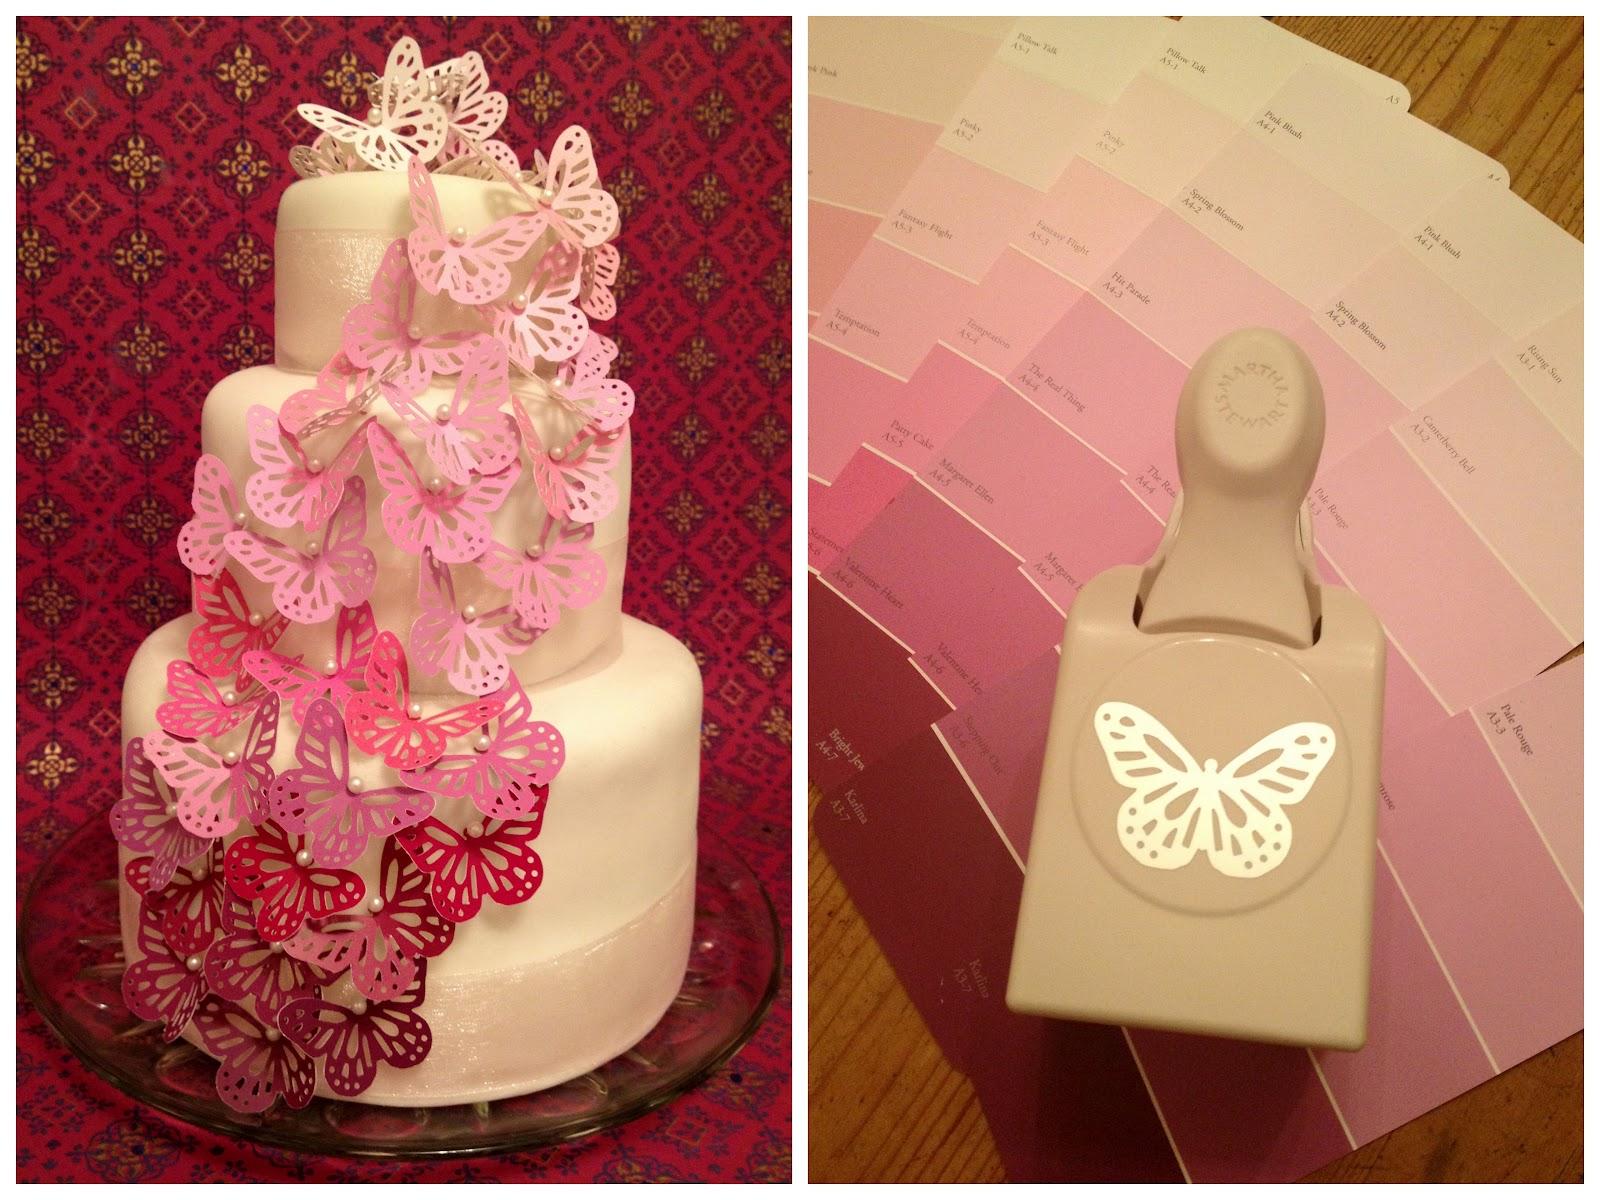 Simple Diy Cake Decoration : *Jennuine by Rook No. 17*: Easy & Elegant Wedding Cake You ...
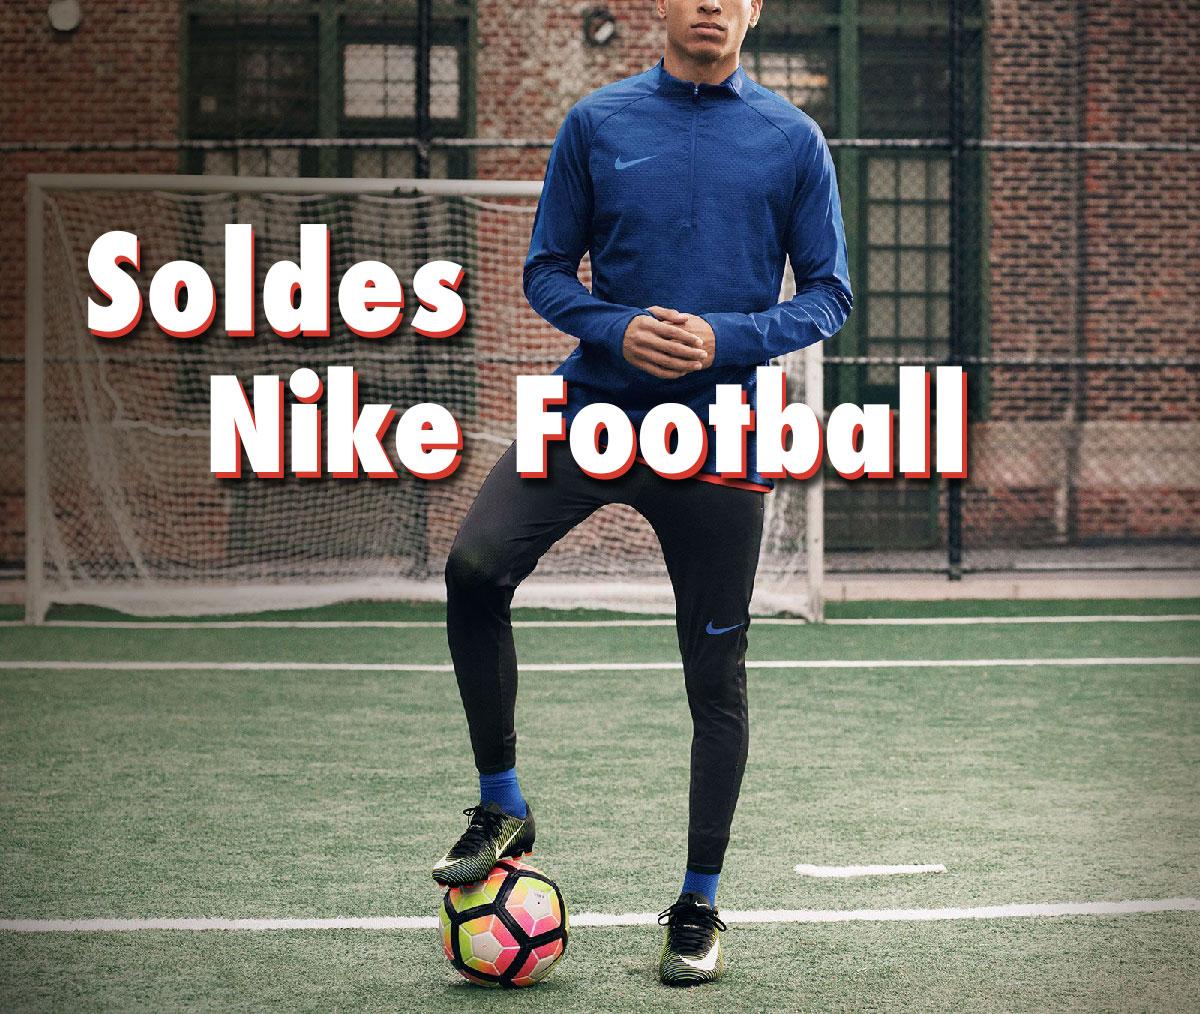 nike football soldes
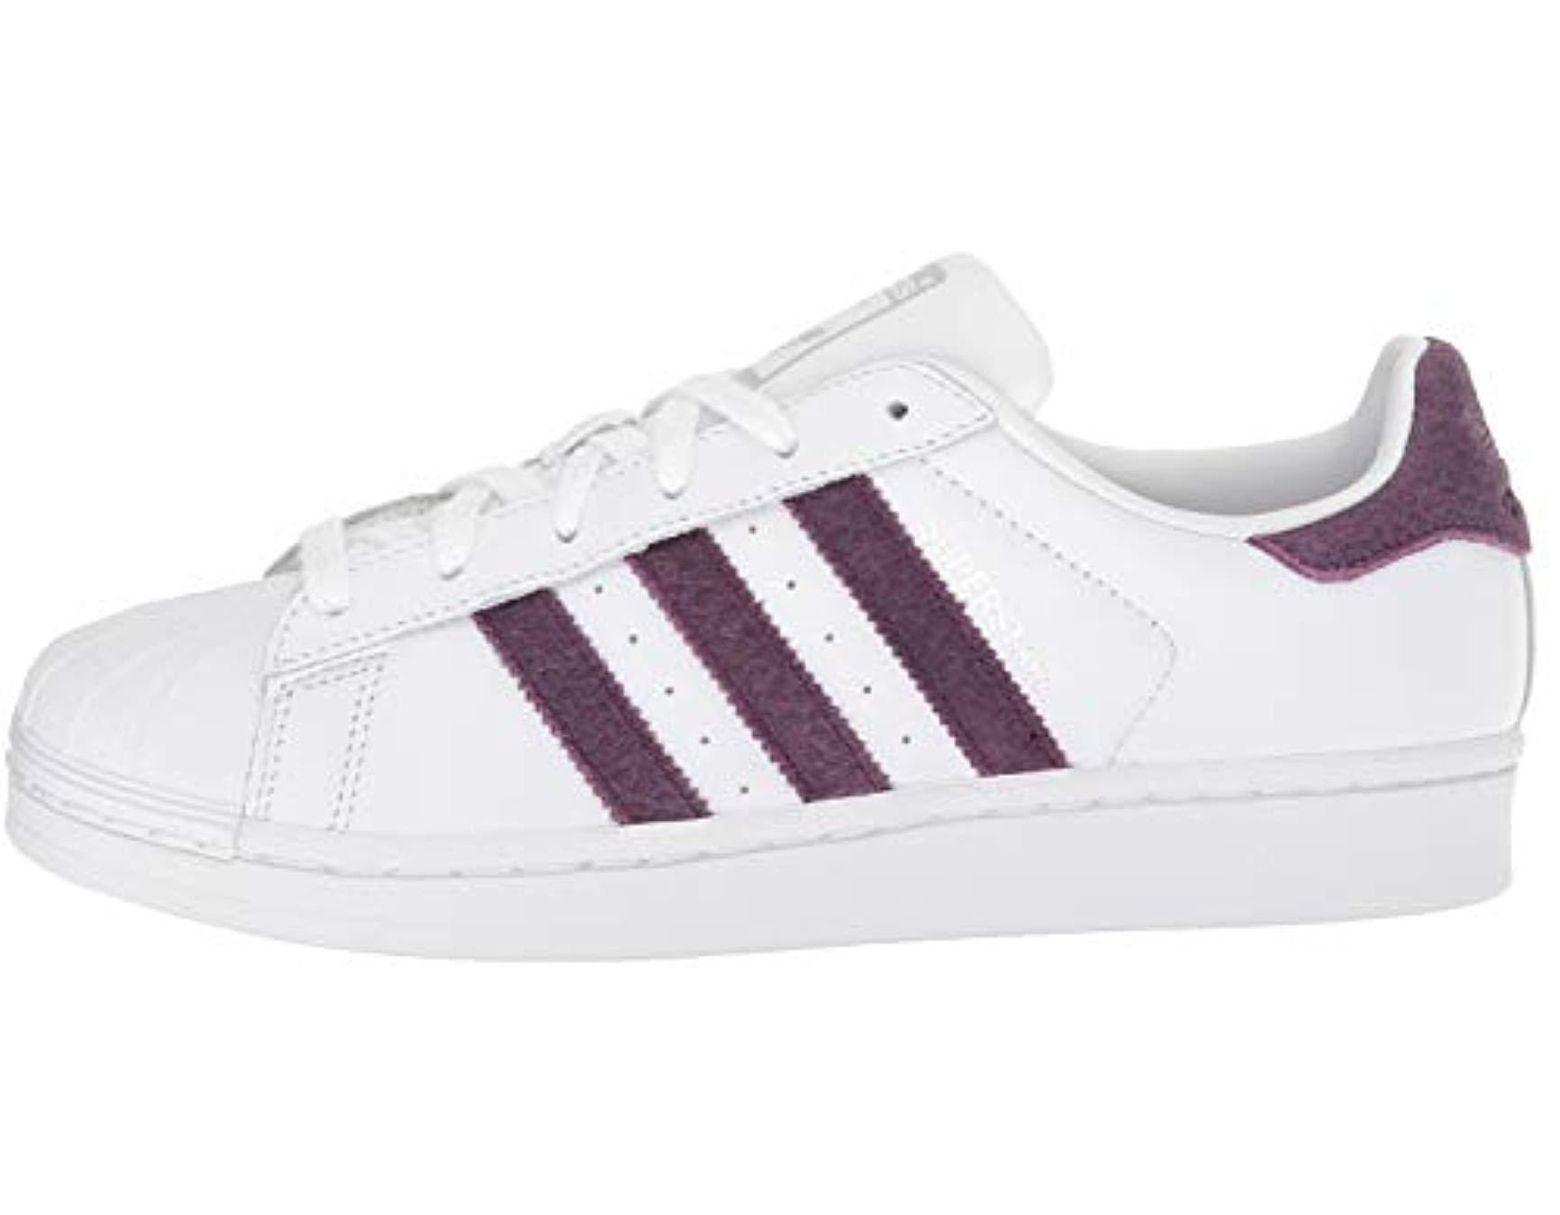 adidas Originals Women's Superstar Shoes Running, Whitered NightSilver Metallic, 9 M US
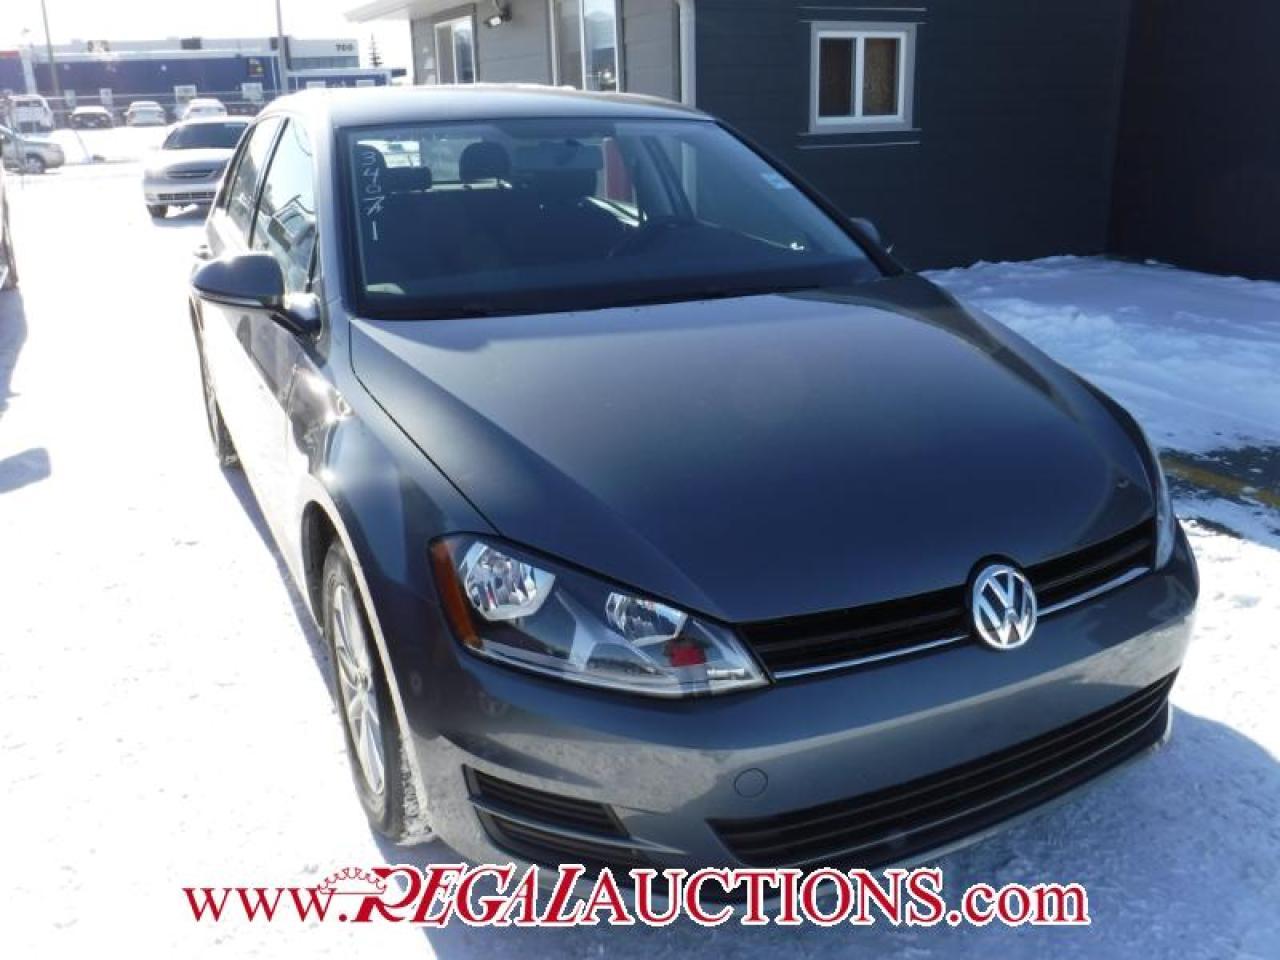 2015 Volkswagen GOLF  5D HBK 1.8 TSI AT

──────────

◆ **Exercise aim**:
Begin the copy at the line containing "nike football soldes" and end it at the final line of the material above, reproducing each line exactly and omitting pictures.

◆ **Answer space**:
 nike football soldes
 adidas Originals Women's Superstar Shoes Running, Whitered NightSilver Metallic, 9 M US
 2015 Volkswagen GOLF  5D HBK 1.8 TSI AT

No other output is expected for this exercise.